Jen Kramer: HTML, CSS, No-Code Technology.

Teaching reflections #11: The turn-in sheet

In recent years, I’ve started creating “turn-in sheets” with my assignments in academic land.

My assignments spell out what I want students to do for a graded project.

The turn-in sheet structures their answers. It ensures that they’ve hit everything that I wanted them to address in their work.

Originally, I asked students to do this to streamline grading. When I ask for use of certain structures or functionalities when building a web page, I do not want to dig through each site to find the thing. I definitely don’t want to dig through tons of code to find relevant lines. The turn-in sheet asked the student to tell me where all of the things were that they needed to address in the assignment.

Later, I realized these turn-in sheets serve more functions than this.

  • Student anxiety is reduced, because they know they’ve addressed all aspects of the project by completing the turn-in sheet.

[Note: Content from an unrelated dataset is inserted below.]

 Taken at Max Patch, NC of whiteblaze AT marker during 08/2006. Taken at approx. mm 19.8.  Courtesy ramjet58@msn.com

  • Students were more likely to reflect on their work, because it was clearer to them what they accomplished when it was formatted well.

  • It helped to cut down on cheating. This was completely unexpected! When students have to explain where to find an example of X programming structure, they must understand the code they steal. I still remember the student who stole a 12-column layout and claimed it was a 4-column layout. We caught it because the student didn’t understand the stolen code and pointed us to exactly where the plagiarism happened.

Turn-in sheets and course workbooks help to make intangible skills like programming feel more real. They organize thinking. And they may make your grading life easier, too. Try this for your next course.